■ **DIRECTIONS FOR THIS TASK**: Find the line below with "Canon NP6218, FY8-13EX-000" and the line with "RARE EPOCHS 1948". Output them and the lines between, exactly, but not the pictures.

■ **RECORDED DATA**:
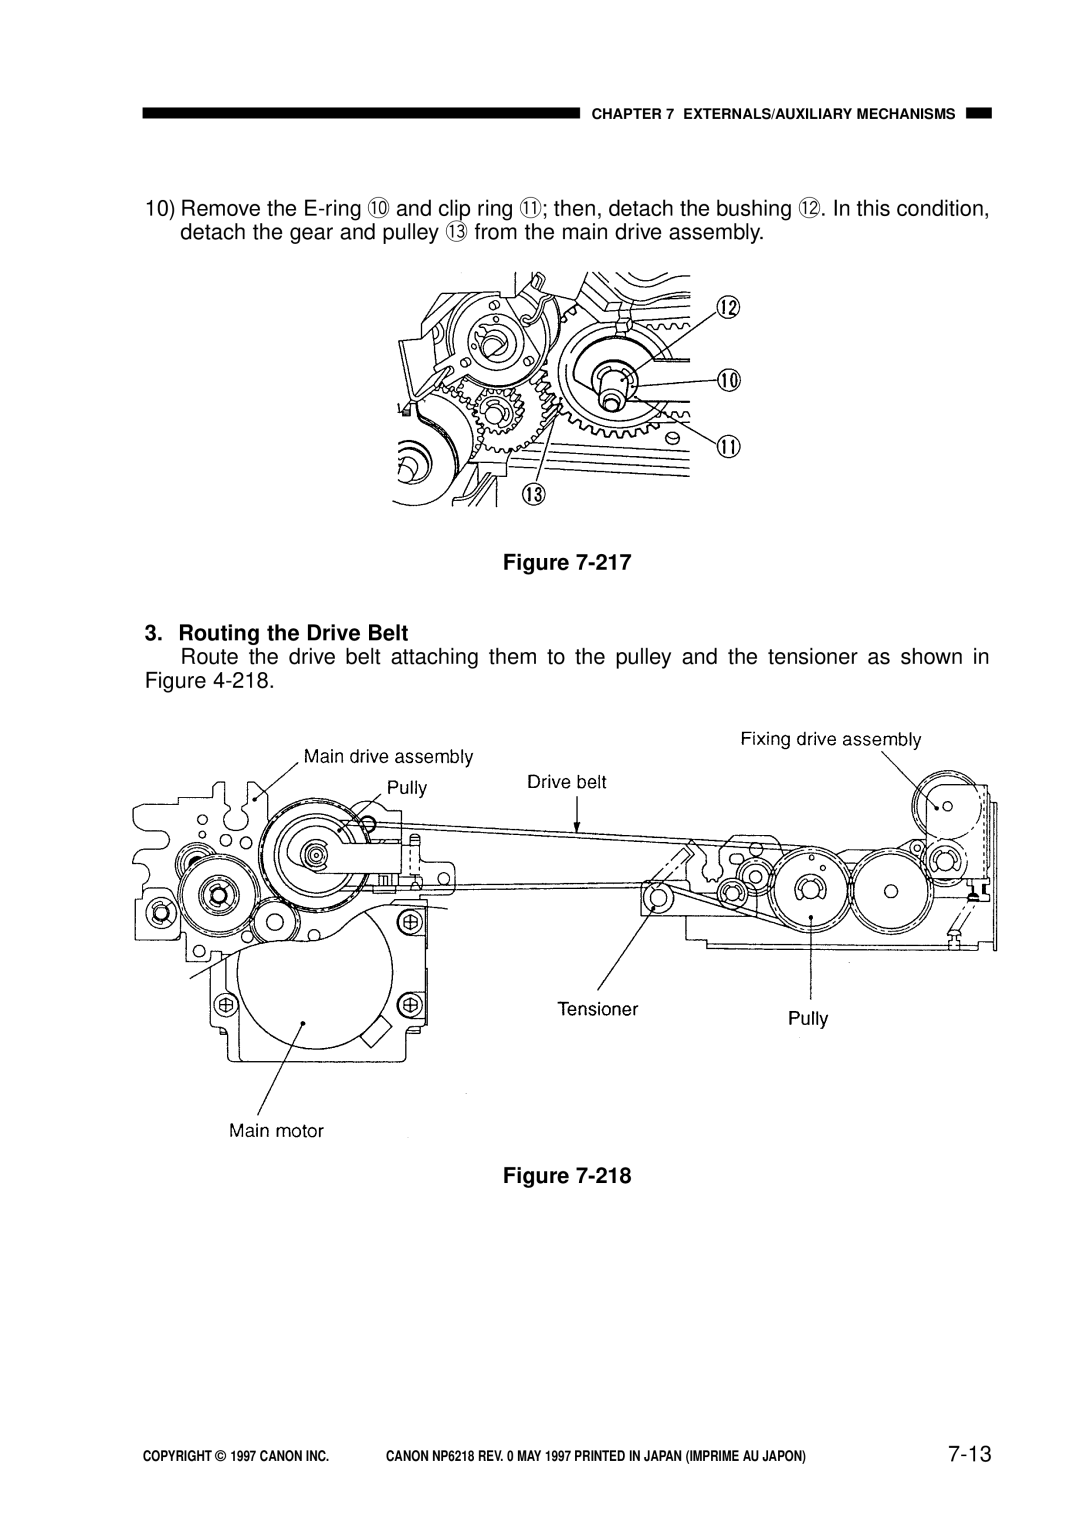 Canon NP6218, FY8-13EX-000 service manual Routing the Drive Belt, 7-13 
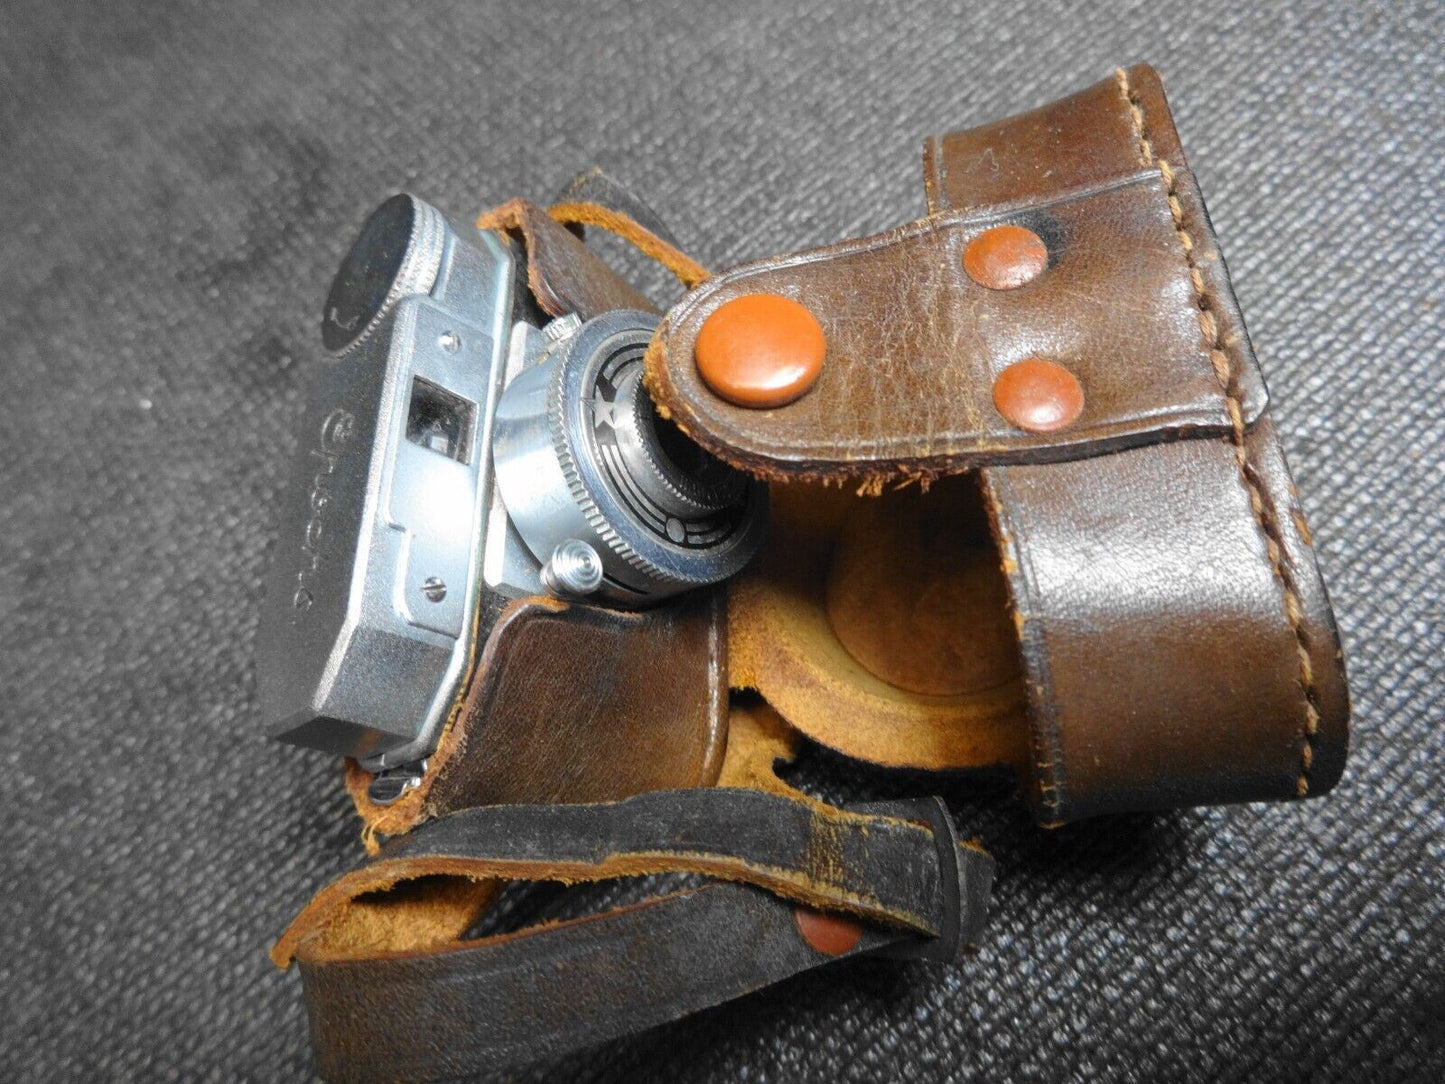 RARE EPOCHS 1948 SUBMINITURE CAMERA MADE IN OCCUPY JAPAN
...
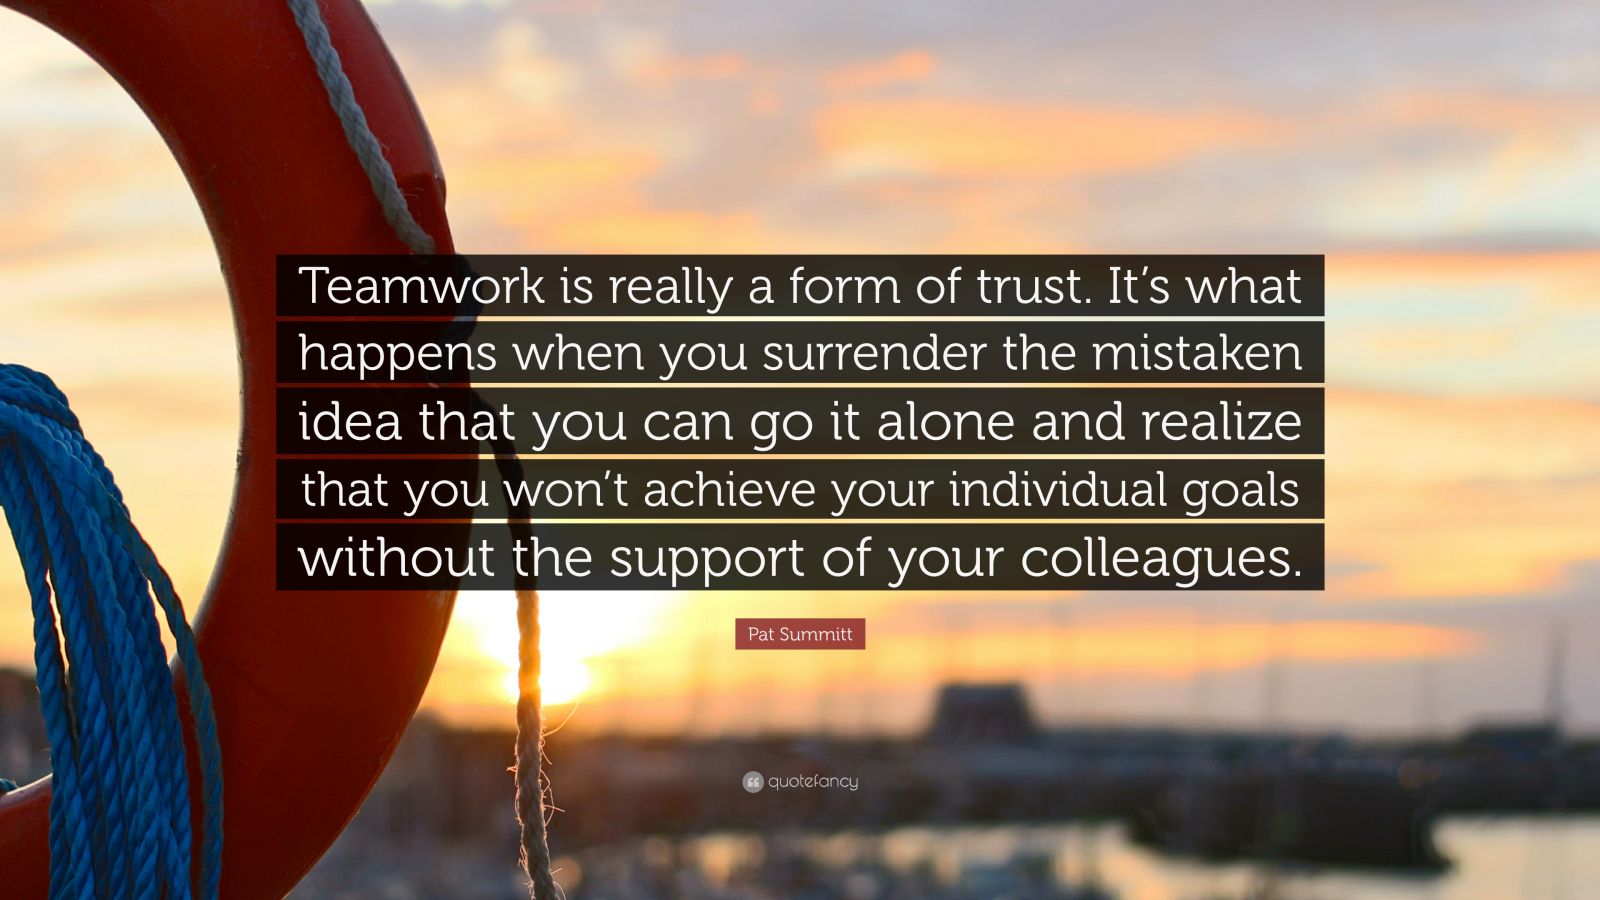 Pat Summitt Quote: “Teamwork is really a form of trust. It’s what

■ **OUTPUT FOR THIS EXERCISE**:
 Canon NP6218, FY8-13EX-000 service manual Routing the Drive Belt, 7-13 
 RARE EPOCHS 1948 SUBMINITURE CAMERA MADE IN OCCUPY JAPAN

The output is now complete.